BEGIN Source data
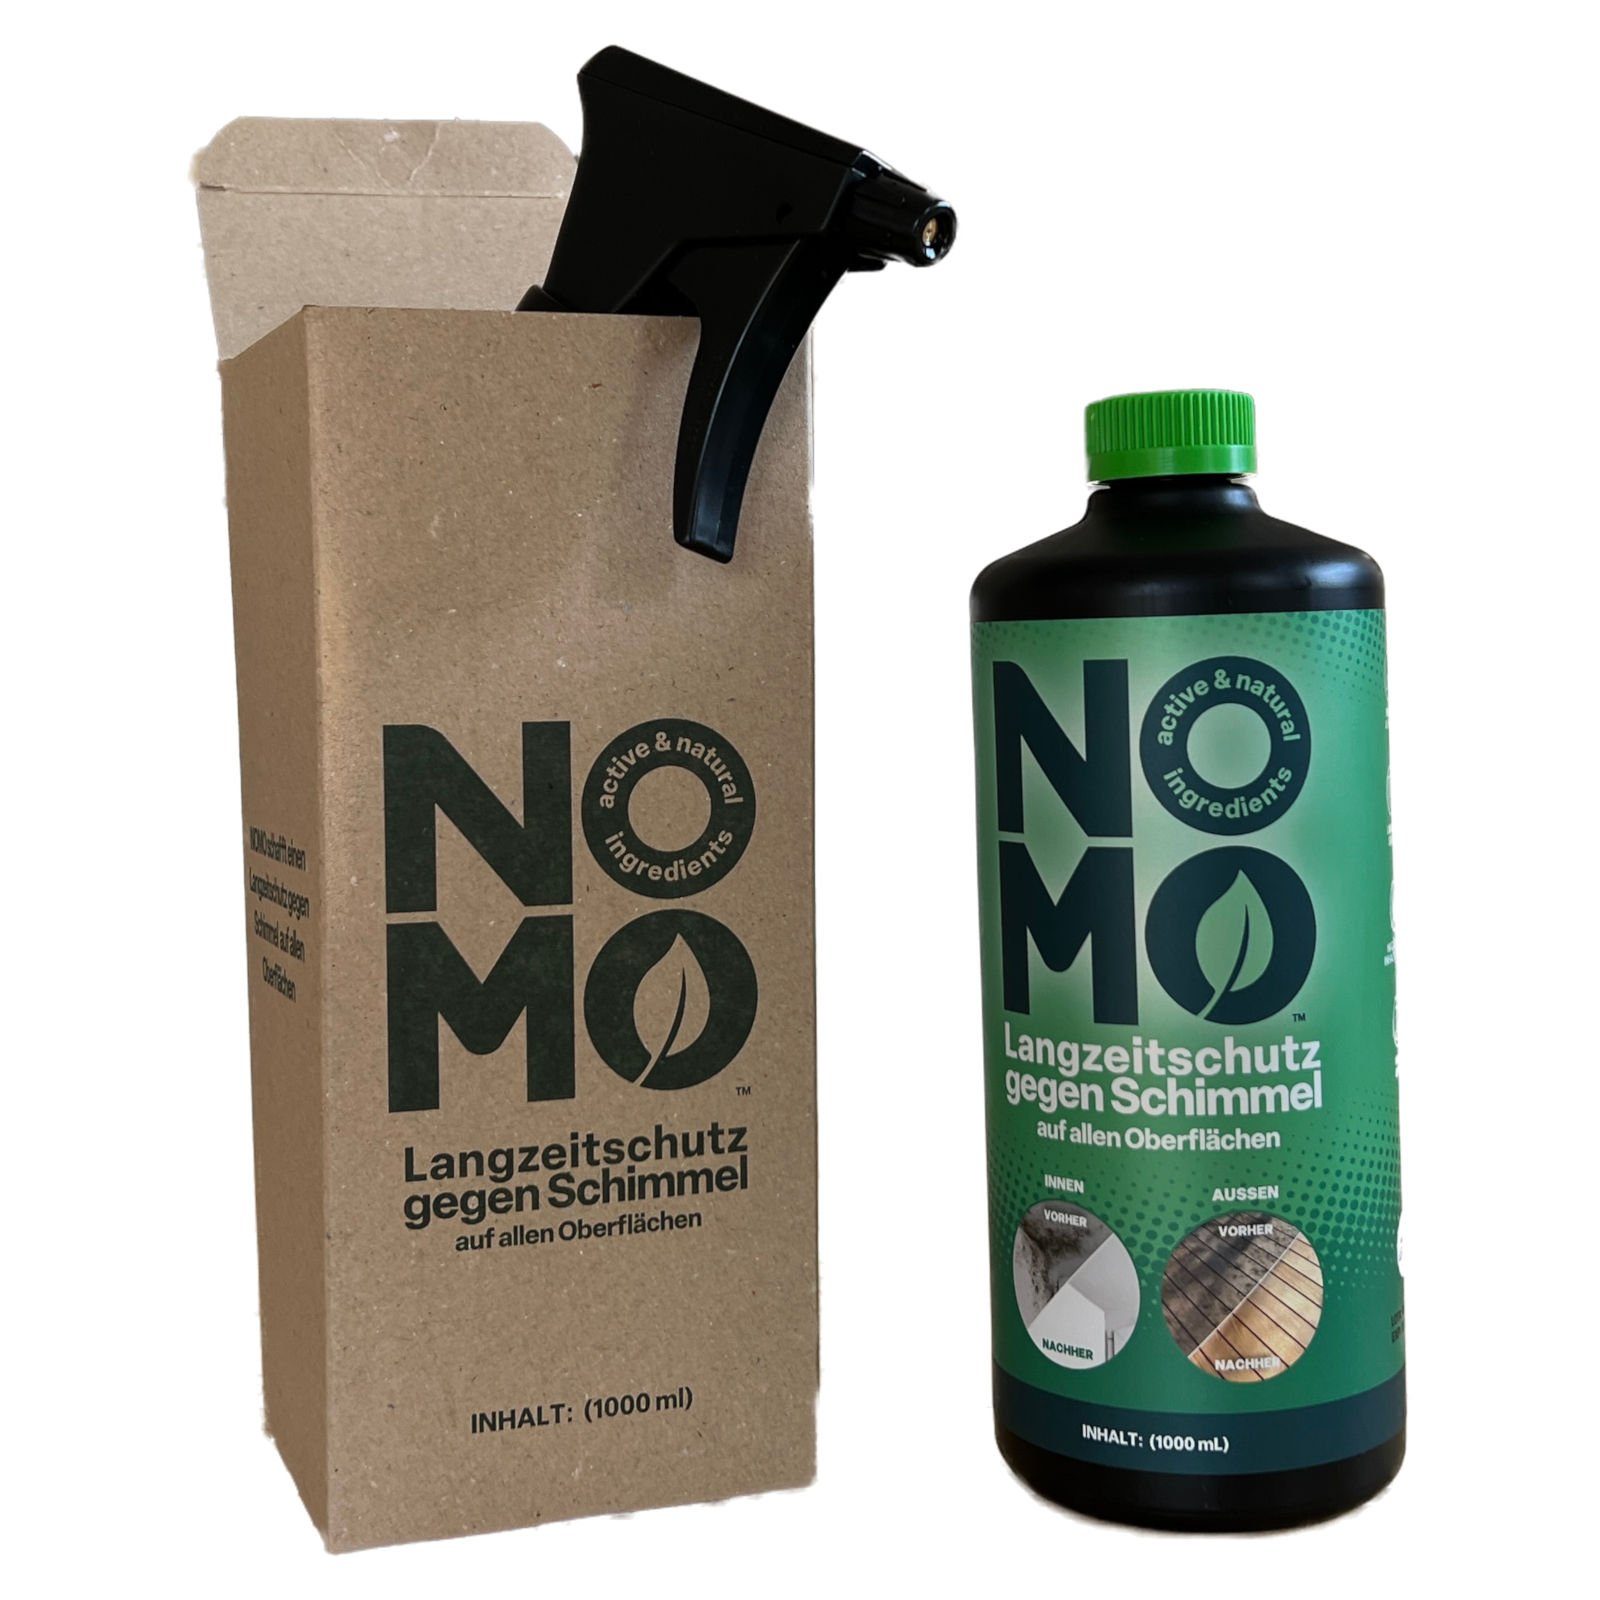 NOMO Natürlicher Langzeitschutz gegen Schimmel – 1 Liter Schimmelentferner
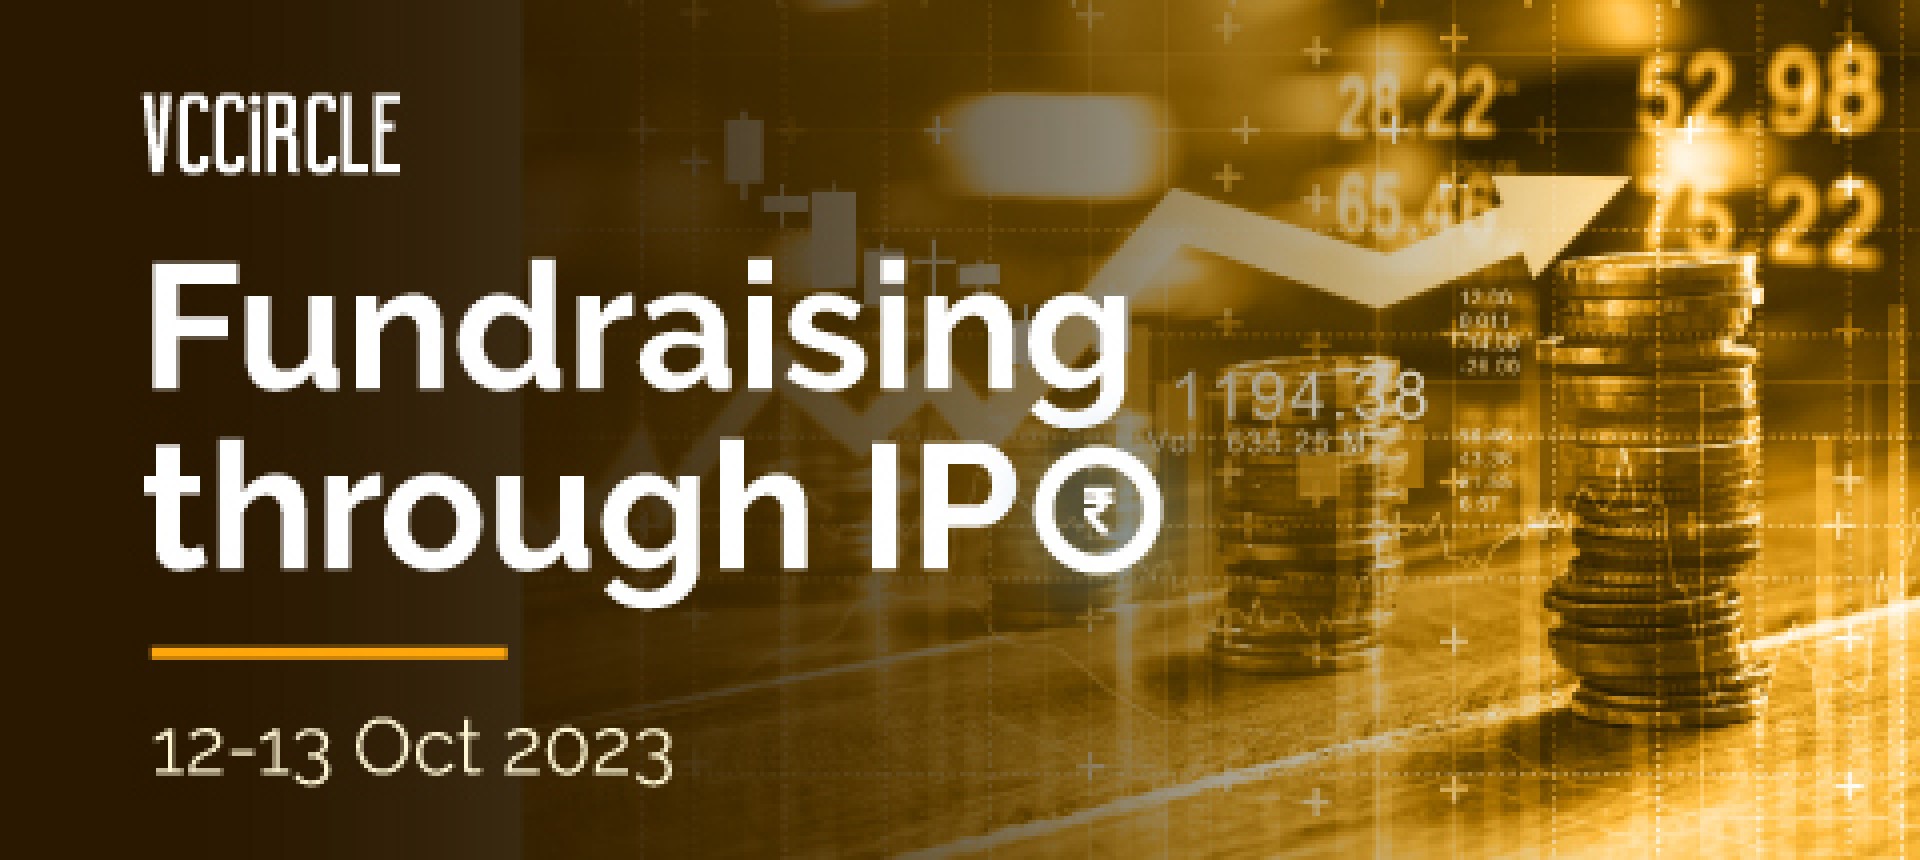 Fundraising through IPO
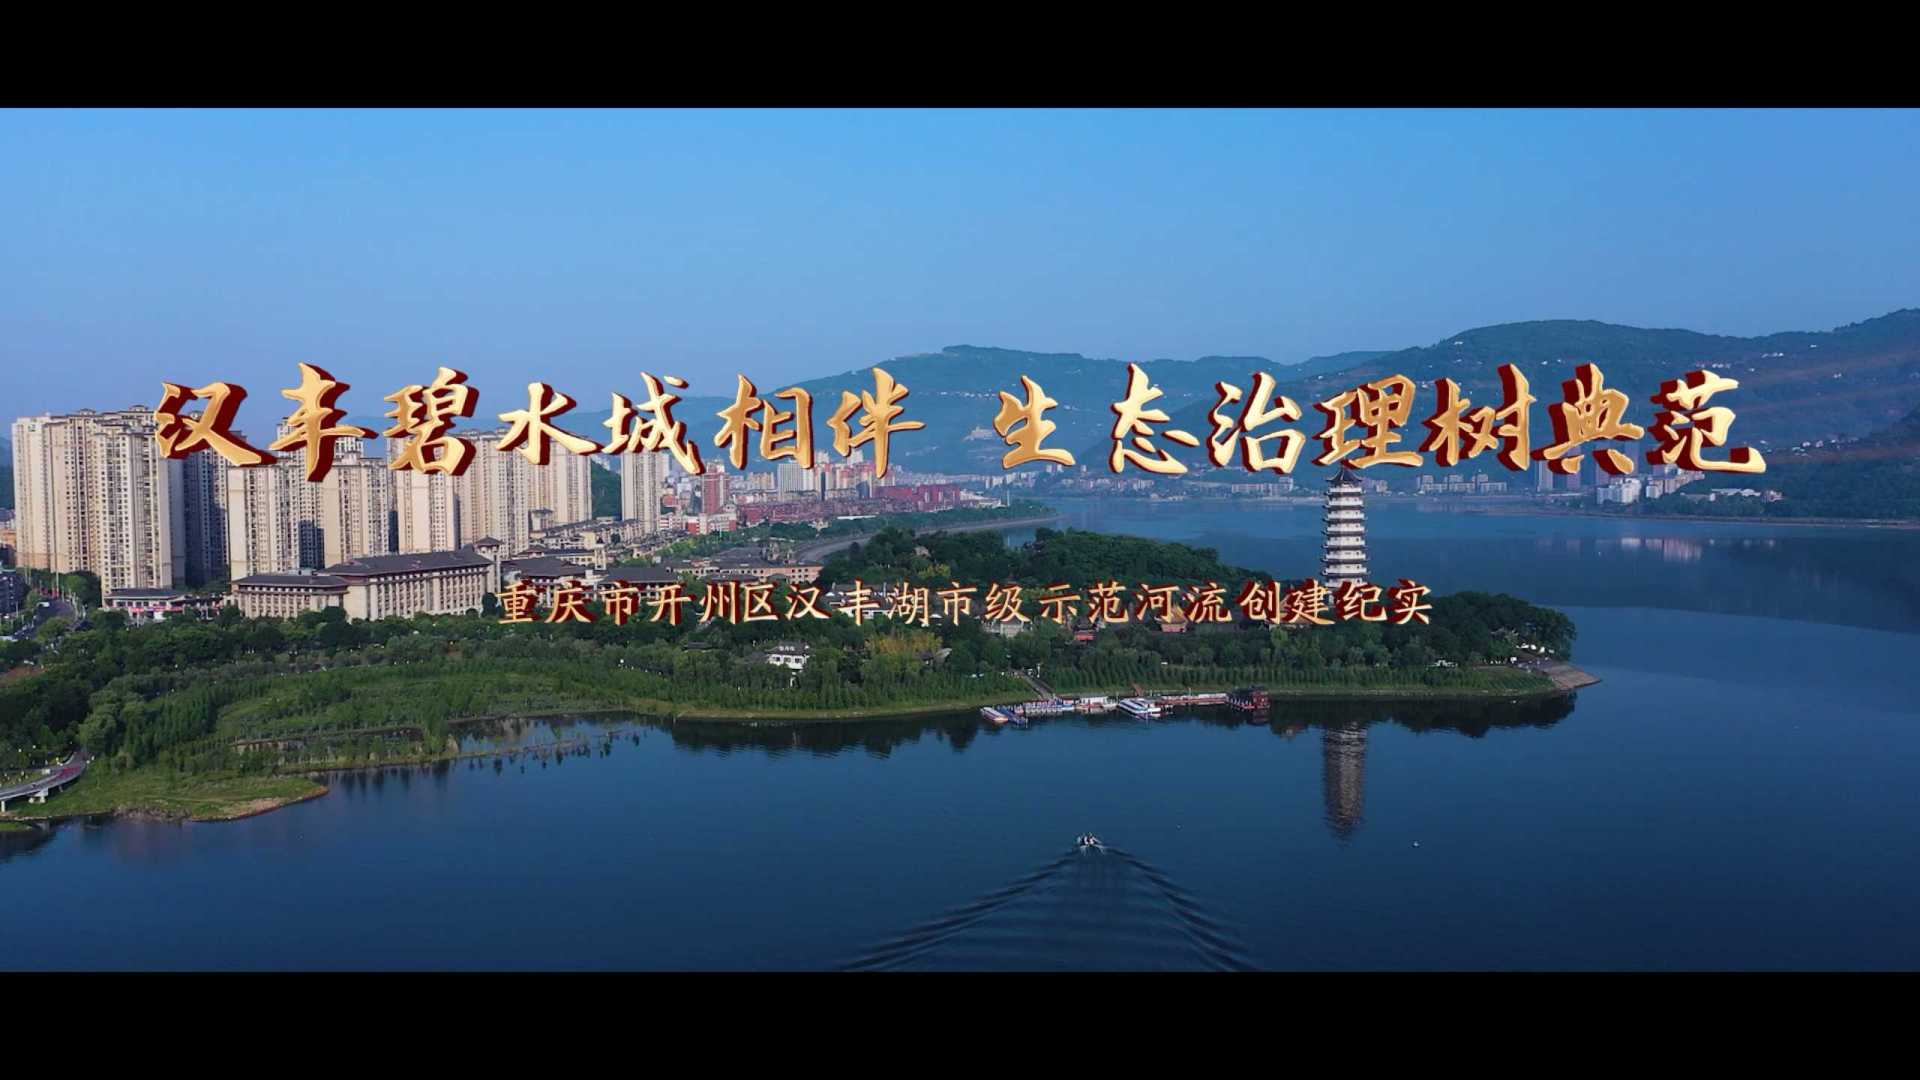 汉丰碧水城相伴   生态治理树典范--重庆市开州区汉丰湖市级示范河流创建纪实
END Source data
◆ **Task directions**: The exact lines from the one containing "Fundraising through IPO" through the end of the data are to be copied, with both ends kept and pictures left out.

◆ **Written solution**:
 Fundraising through IPO
 汉丰碧水城相伴   生态治理树典范--重庆市开州区汉丰湖市级示范河流创建纪实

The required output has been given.